Definitely add Szymanowski.

Prokofiev is also important.

The Early Modern period is by far the most interesting to me - from 1900 to 1945. So many paths to follow. Janacek and Bartok and Faure' all had great piano music. If you are including ORGAN, though, you need Reger. Messiaen is already on the list. Frescobaldi is important for both types of keyboards, as well as being really good to listen to. You musn't cut Ravel!


----------



## Selby

Takemitsu! How could I forget?


----------



## Selby

1562-1621	Sweelinck, Jan Pieterszoon Denmark
1583-1643	Frescobaldi, Girolamo Italy
1595-1663	Scheidemann, Heinrich Germany
1616-1674	Weckmann, Matthias Germany
1616-1667	Froberger, Johann Jakob	Germany
1637-1707	Buxtehude, Dieterich Germany
1668-1733	Couperin, François France
1683-1764	Rameau, Jean-Philippe France
1685-1750	Bach, Johann Sebastian Germany
1685-1757	Scarlatti, Domenico Italy
1714-1788	Bach, Carl Philipp Emanuel	Germany
1732-1809	Haydn, Franz Joseph Austria
1756-1791	Mozart, Wolfgang Amadeus	Austria
1770-1827	Beethoven, Ludwig van Germany
1778-1837	Hummel, Johann Nepomuk	Austria
1797-1828	Schubert, Franz Austria
1810-1856	Schumann, Robert Alexander	Germany
1810-1859	Chopin, Frédéric Poland
1811-1886	Liszt, Ferenc Austria
1830-1888	Alkan, Charles Valentin France
1833-1897	Brahms, Johannes Germany
1843-1907	Grieg, Edvard Norway
1845-1924	Fauré, Gabriel France
1854-1928	Janácek, Leos Czech Republic
1860-1909	Albéniz, Isaac Spain
1862-1918	Debussy, Claude France
1866-1925	Satie, Erik France
1867-1916	Granados, Enrique Spain
1872-1915	Scriabin, Alexander Russia
1873-1943	Rachmaninov, Sergei Russia
1875-1937	Ravel, Maurice France
1880-1951	Medtner, Nikolai Russia
1881-1945	Bartók, Béla Romania
1882-1937	Szymanowski, Karol Ukraine
1887-1959	Villa-Lobos, Heitor Brazil
1890-1962	Feinberg, Samuil Russia
1891-1953	Prokofiev, Sergei Russia
1892-1988	Sorajbi, Kaikhosru Shapurji	United Kingdom
1893-2002	Ornstein, Leo Russia
1862-1974	Milhaud, Darius France
1897-1965	Cowell, Henry USA
1904-1959	Skalkottas, Nikolaos Greece
1906-1975	Shostakovich, Dmitri Russia
1908-1992	Messiaen, Olivier France
1911-2000	Hovhaness, Alan USA
1919-1992	Cage, John USA
1923-2006	Ligeti, György Romania
1925-	alive	Boulez, Pierre France
1930-1996	Takemitsu, Tōru Japan
1931-	alive	Gobaidulina, Sofia Russia
1935-alive	Young, LaMonte USA
1946-	alive	Finissy, Michael United Kingdom


----------



## Selby

If we made it a competition:

The Olympic History of solo keyboard composing:

France - 10
Germany - 9
Russia - 8
Austria - 5
USA - 4
United Kingdom - 2
Romania - 2
Spain - 2
Ukraine - 1
Japan - 1
Denmark - 1
Greece - 1
Norway - 1
Czech Republic - 1
Brazil - 1


----------



## Alypius

Of living composers for the piano, none, to my mind, surpasses Frederic Rzewski.

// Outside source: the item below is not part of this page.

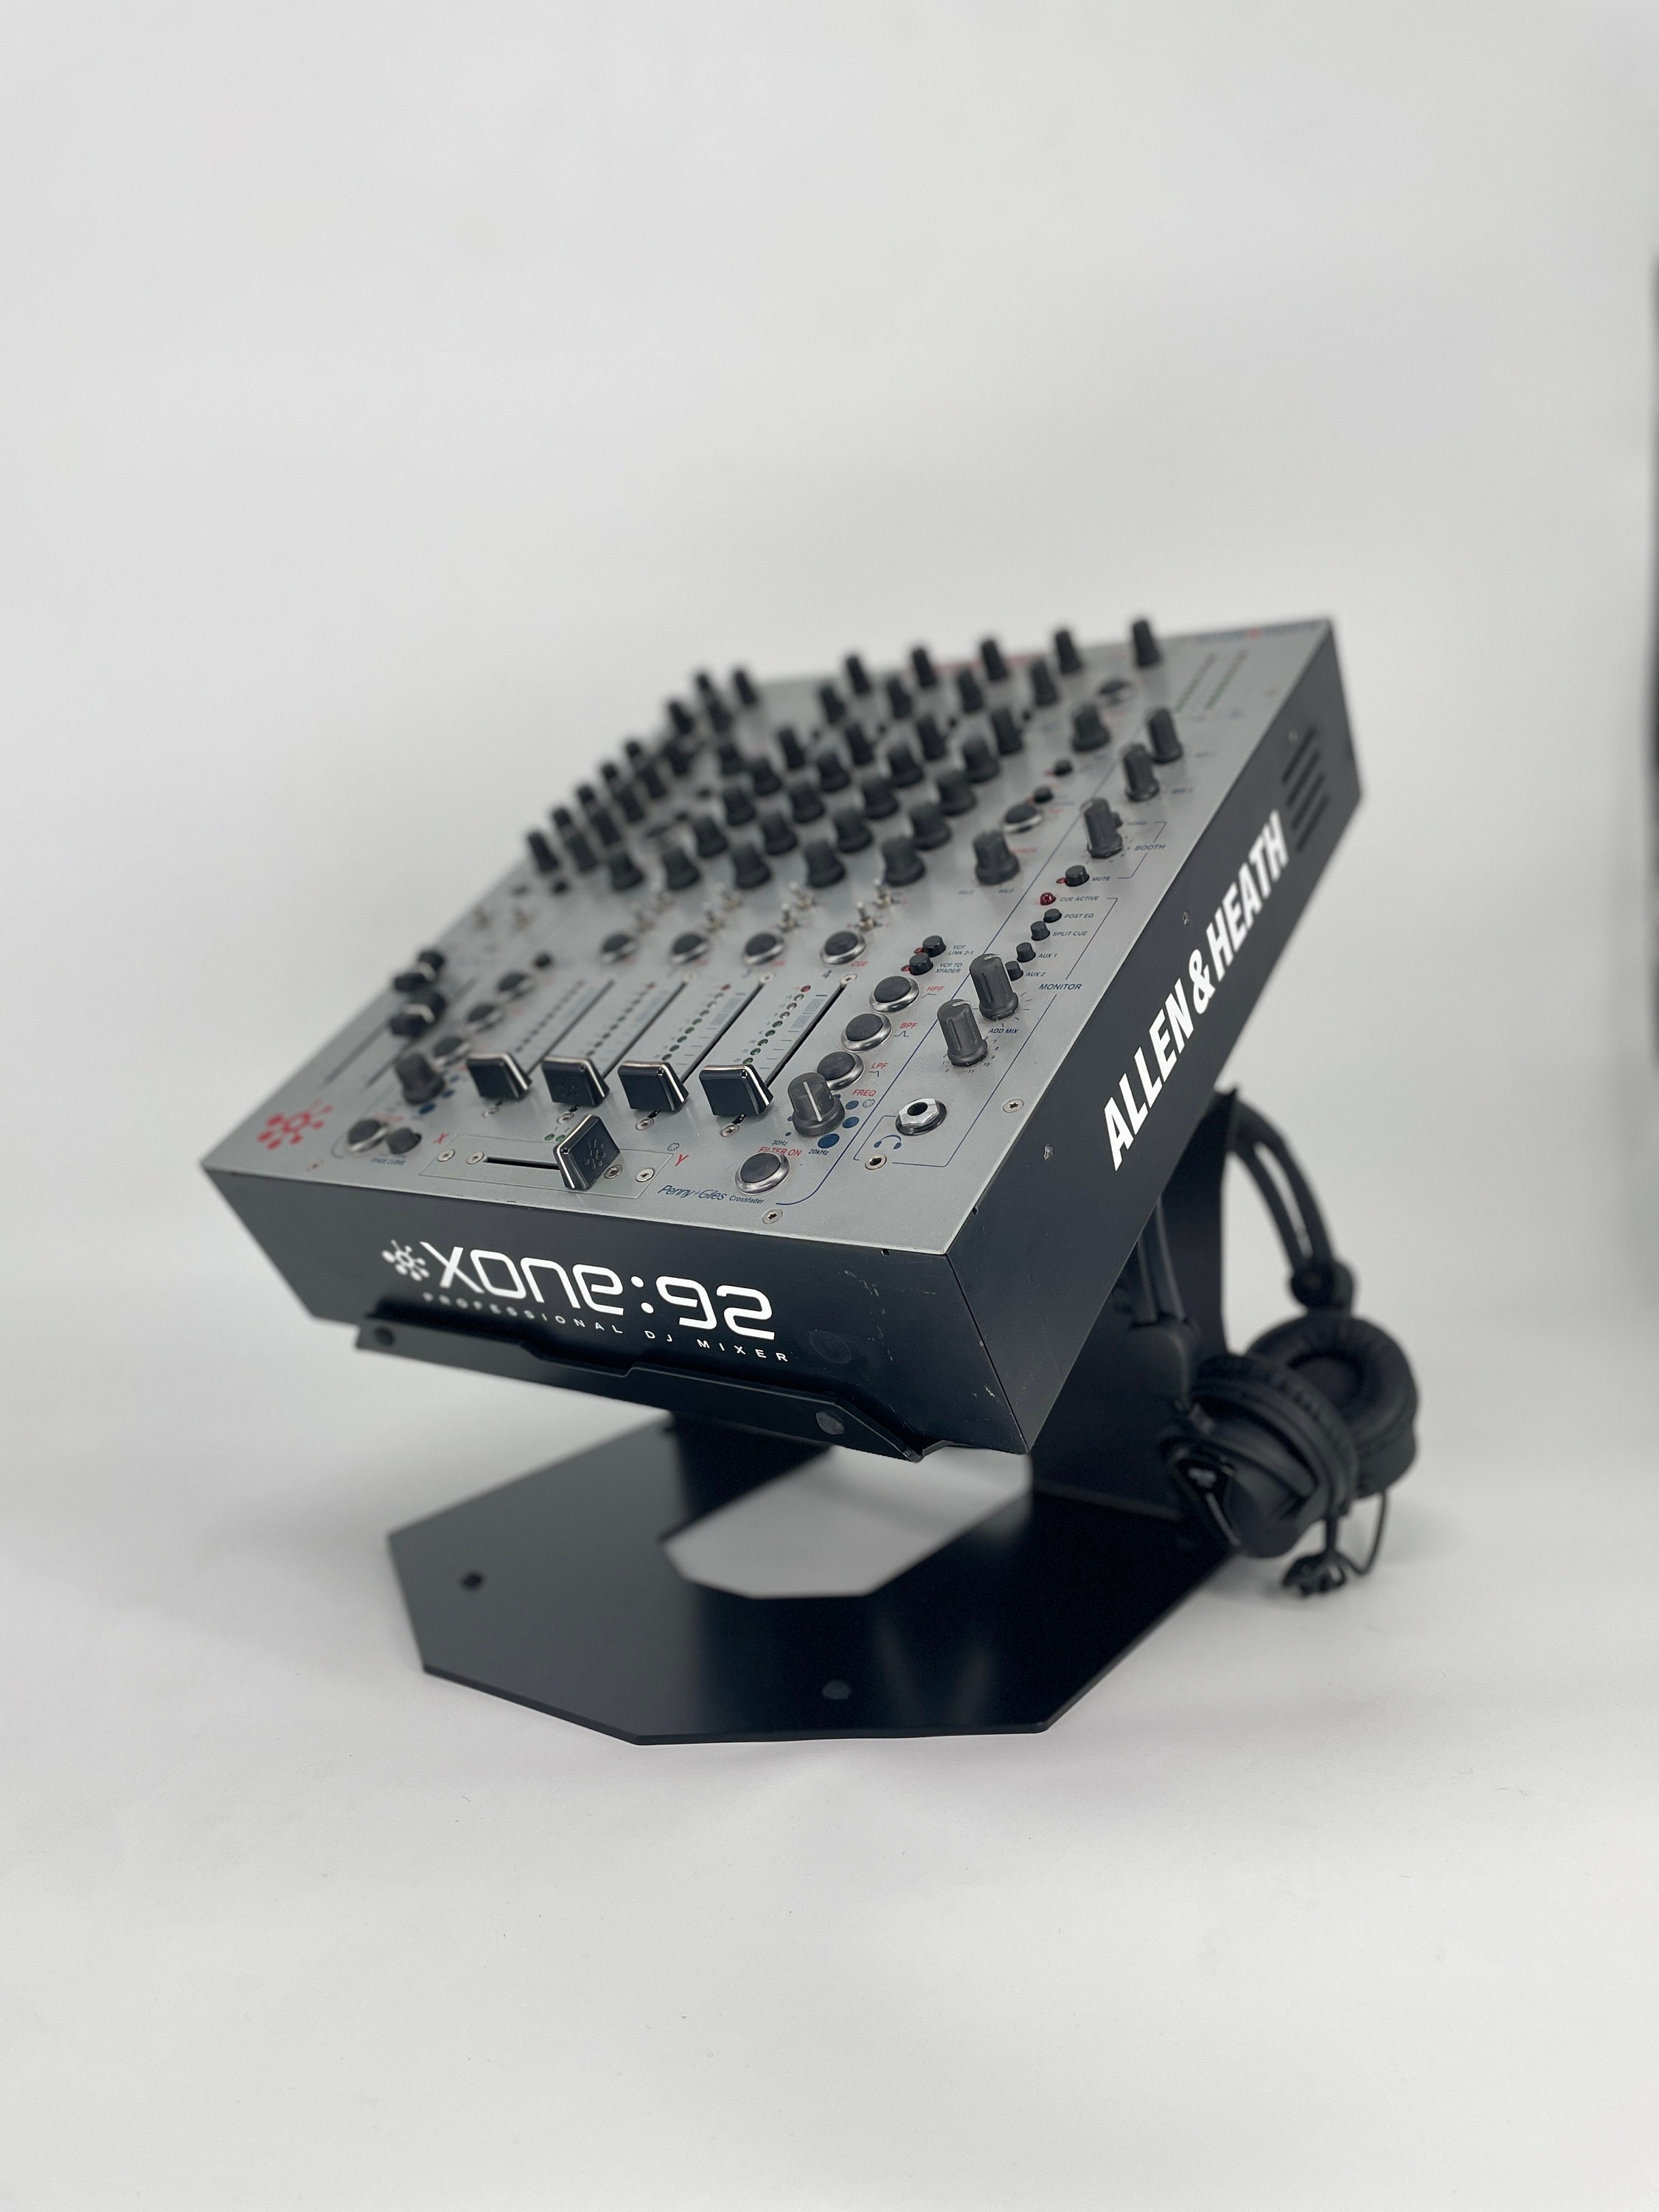 Mesas de mezclas - Plastic Shop - Tienda de sonido, DJ y producción musical
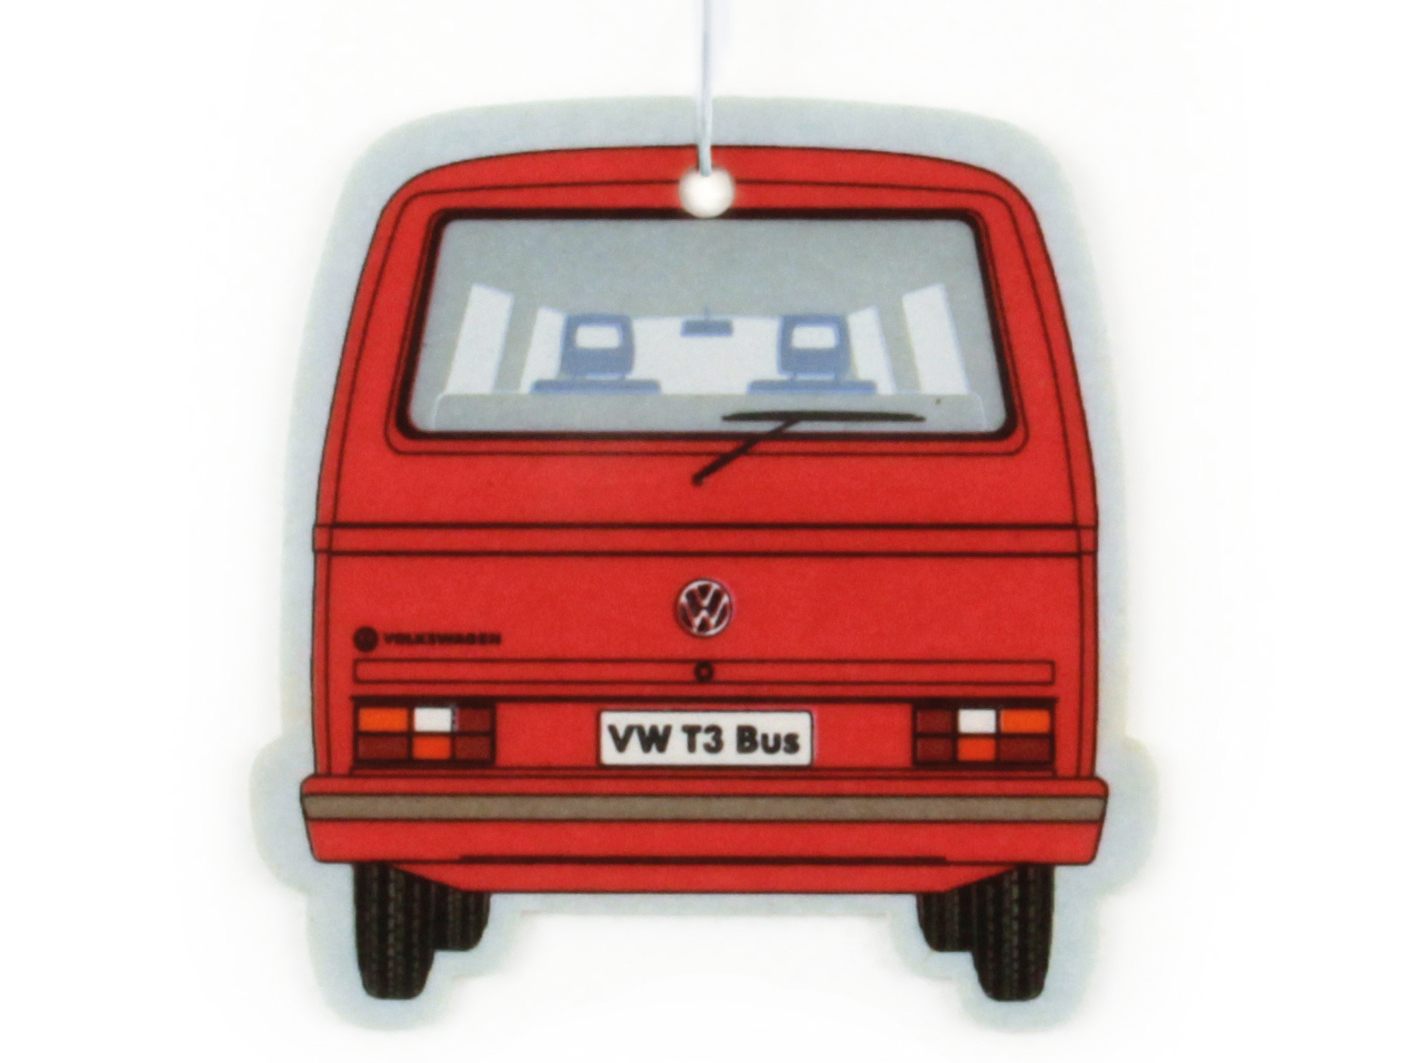 VW T3 Bulli bus air freshener

His _The People United Will Never Be Defeated_, a theme-and-variations work on a Chilean revolutionary song, is one of the finest piano works of the 20th century (composed in 1975). It's the 20th-century's answer to Bach's Goldbergs and Beethoven's Diabellis. There are many fine performances of it, including by the composer himself. There is, as well, a brand-new collection of his piano works from Naxos.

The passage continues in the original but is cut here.